*** SUPPLIED MATERIAL

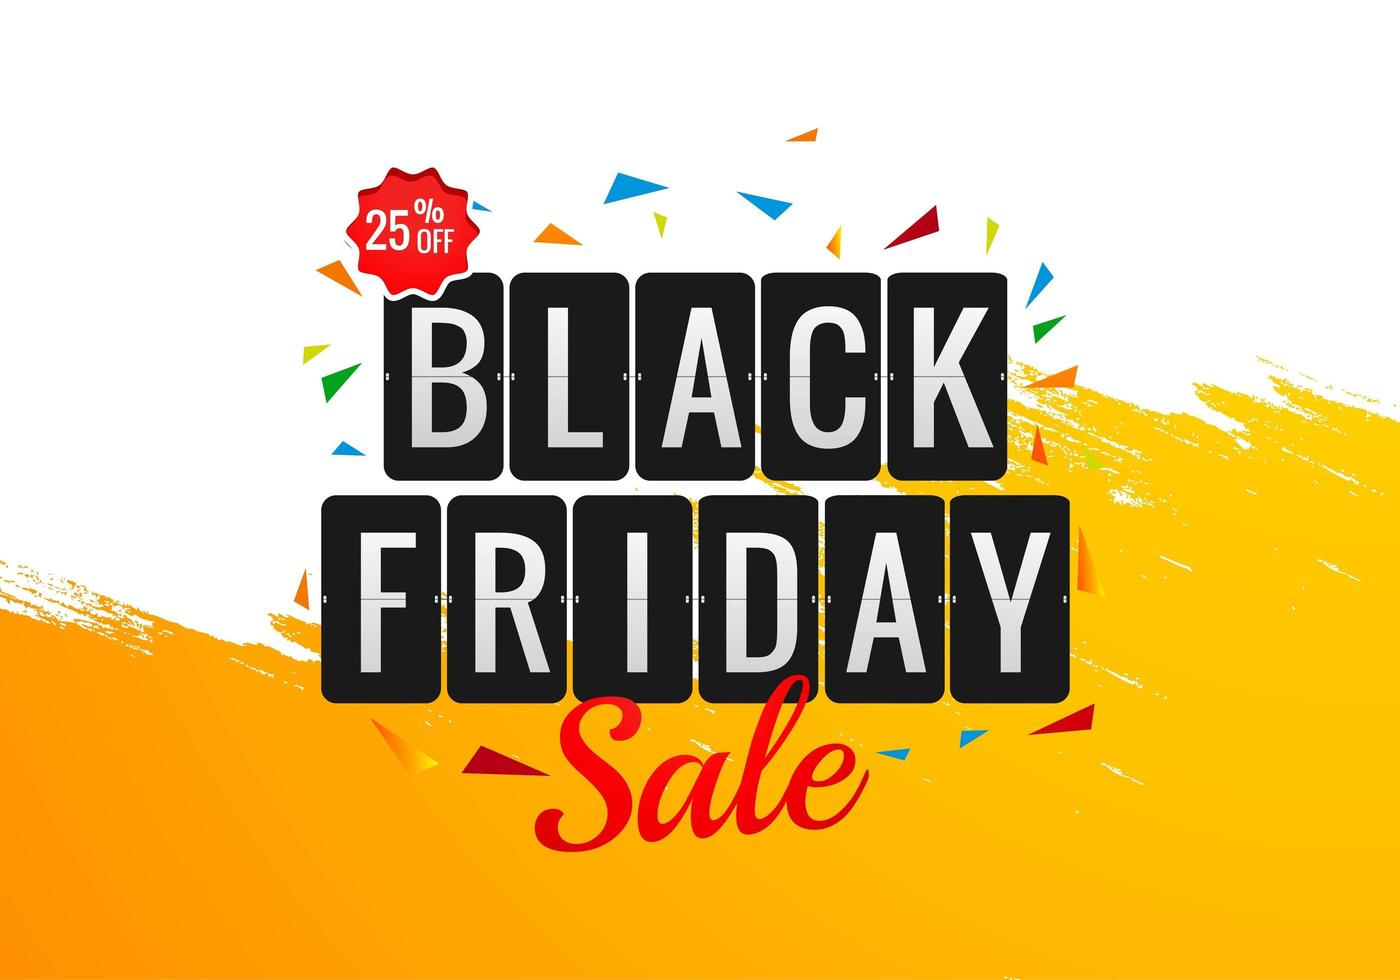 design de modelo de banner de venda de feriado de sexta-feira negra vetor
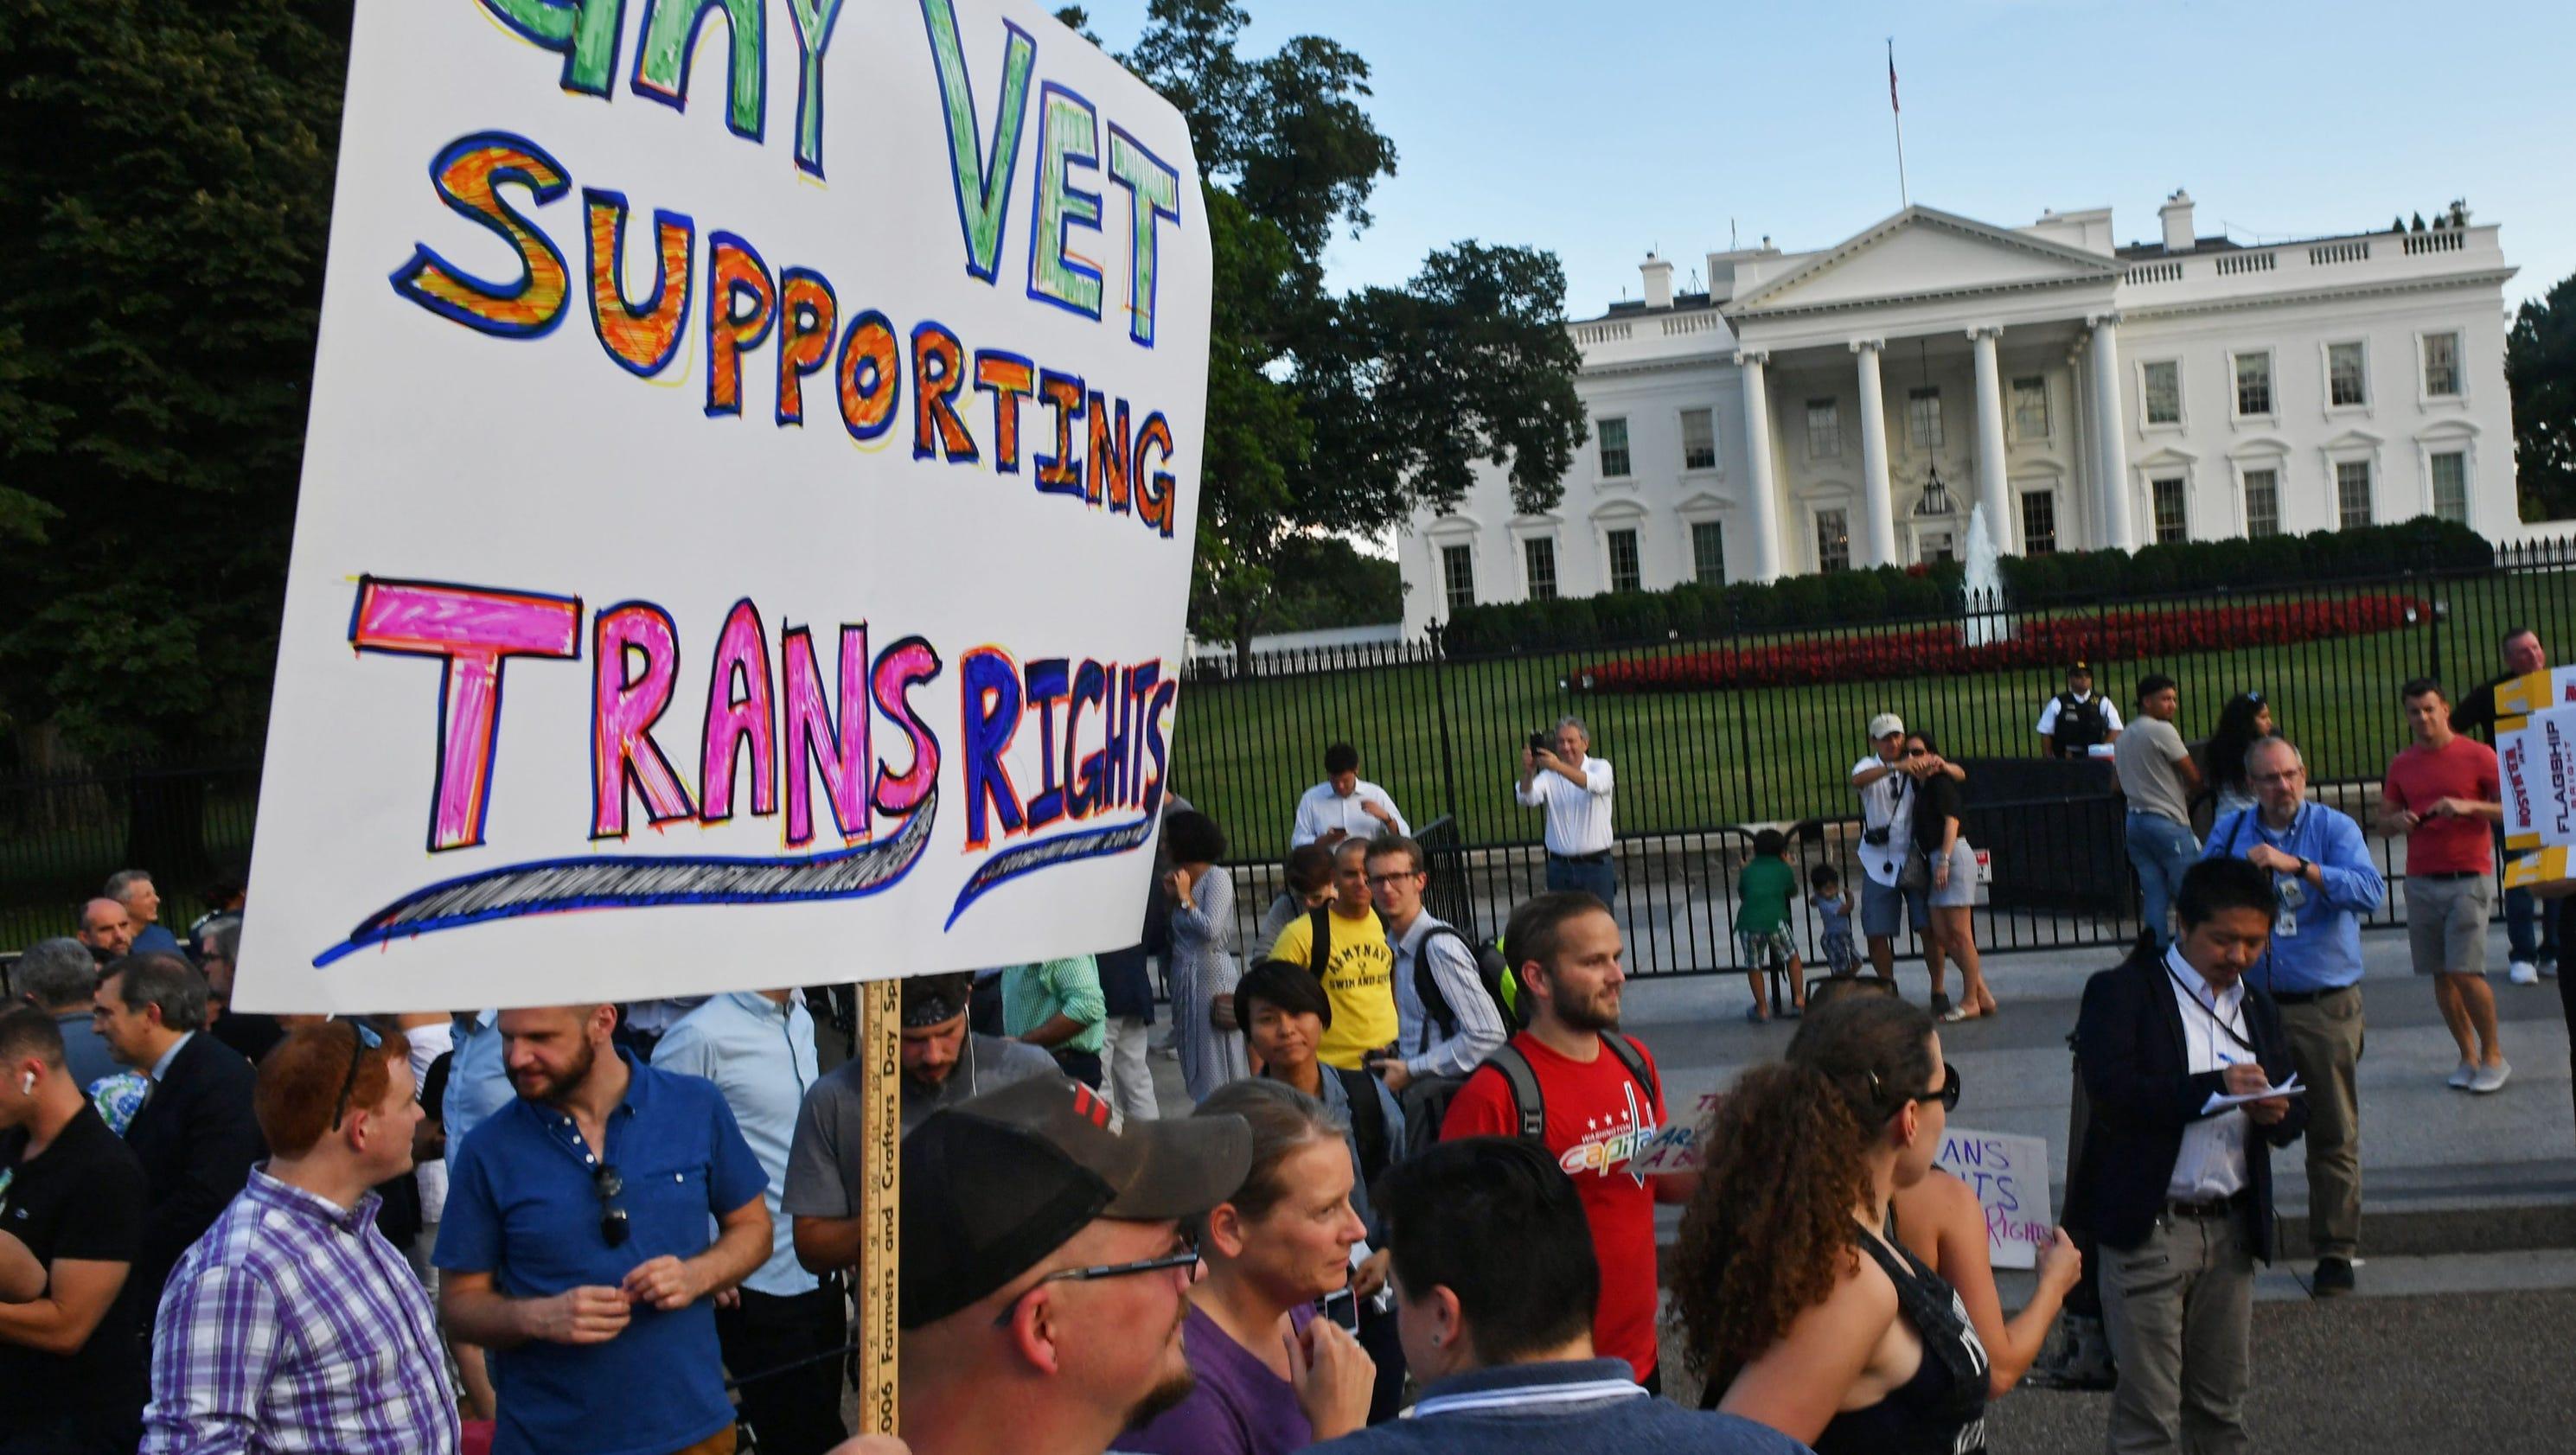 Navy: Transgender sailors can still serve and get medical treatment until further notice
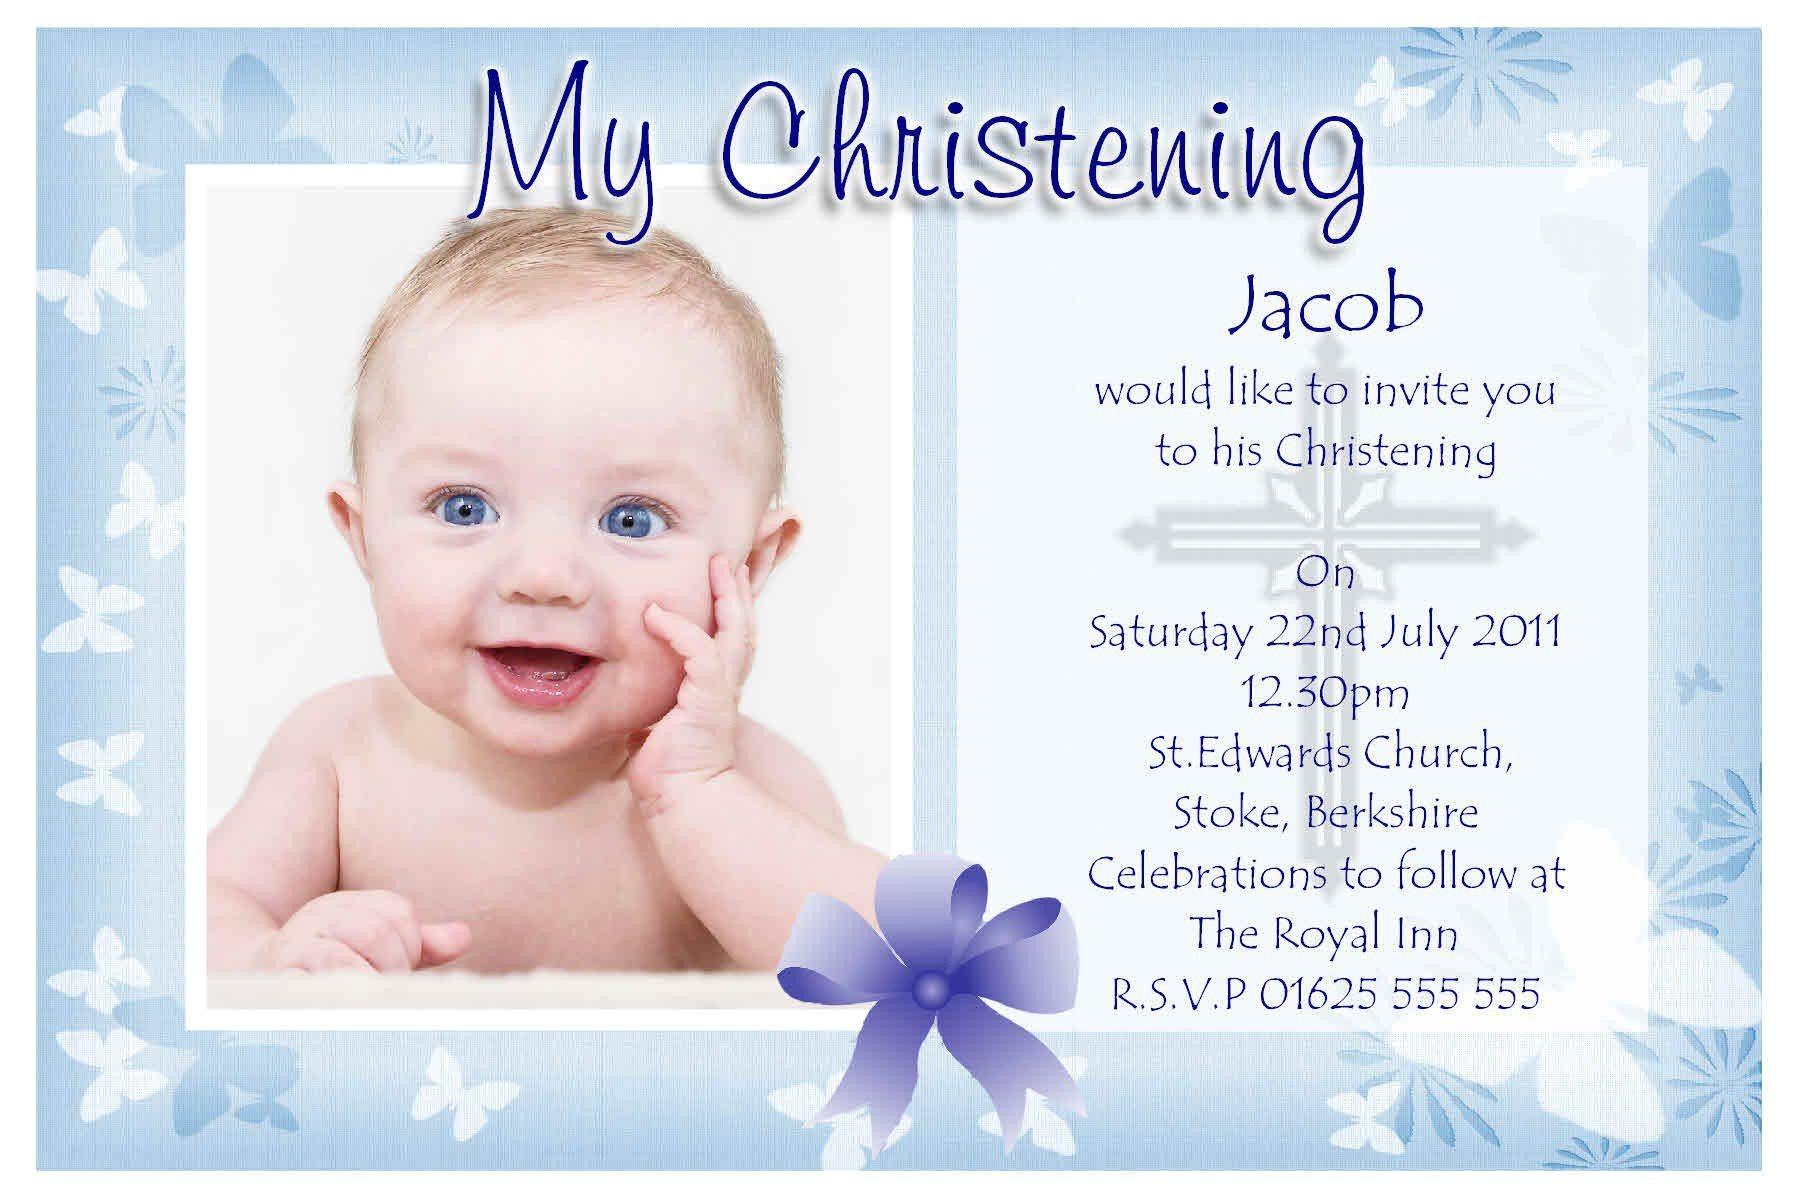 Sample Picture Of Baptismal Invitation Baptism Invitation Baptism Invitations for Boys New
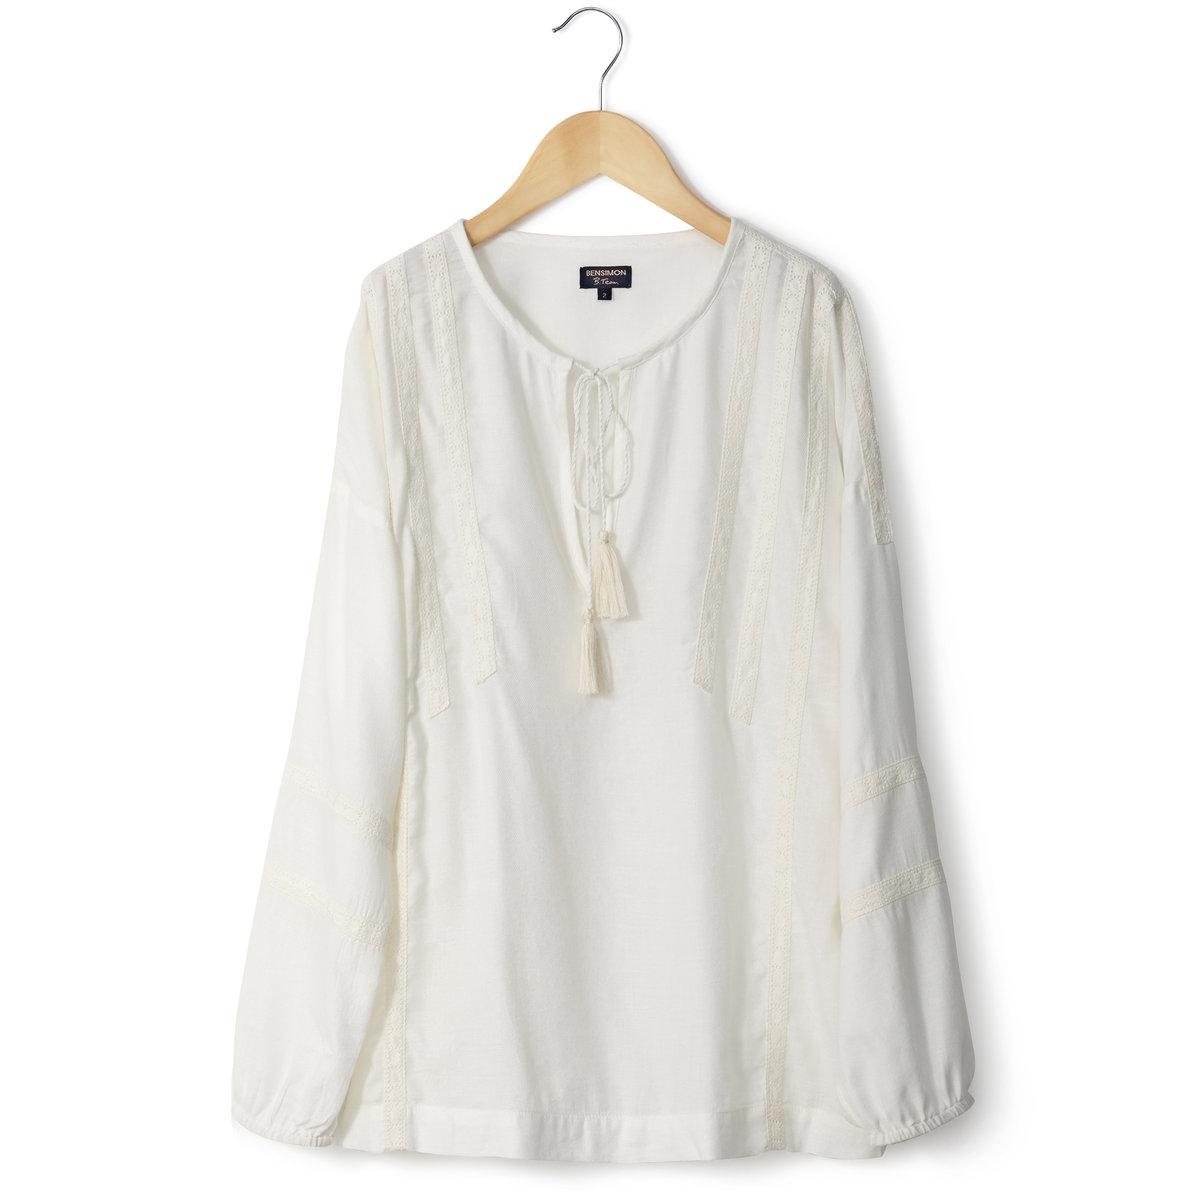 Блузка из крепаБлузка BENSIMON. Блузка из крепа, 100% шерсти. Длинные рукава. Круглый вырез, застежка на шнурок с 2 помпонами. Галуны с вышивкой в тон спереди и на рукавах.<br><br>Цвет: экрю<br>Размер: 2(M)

******

■ TASK DESCRIPTION: With the pictures omitted, copy exactly the lines from the line that contains "Sample Picture Of" through the end of the material.

■ ANSWER BOX:
 Sample Picture Of Baptismal Invitation Baptism Invitation Baptism Invitations for Boys New
 Блузка из крепаБлузка BENSIMON. Блузка из крепа, 100% шерсти. Длинные рукава. Круглый вырез, застежка на шнурок с 2 помпонами. Галуны с вышивкой в тон спереди и на рукавах.<br><br>Цвет: экрю<br>Размер: 2(M)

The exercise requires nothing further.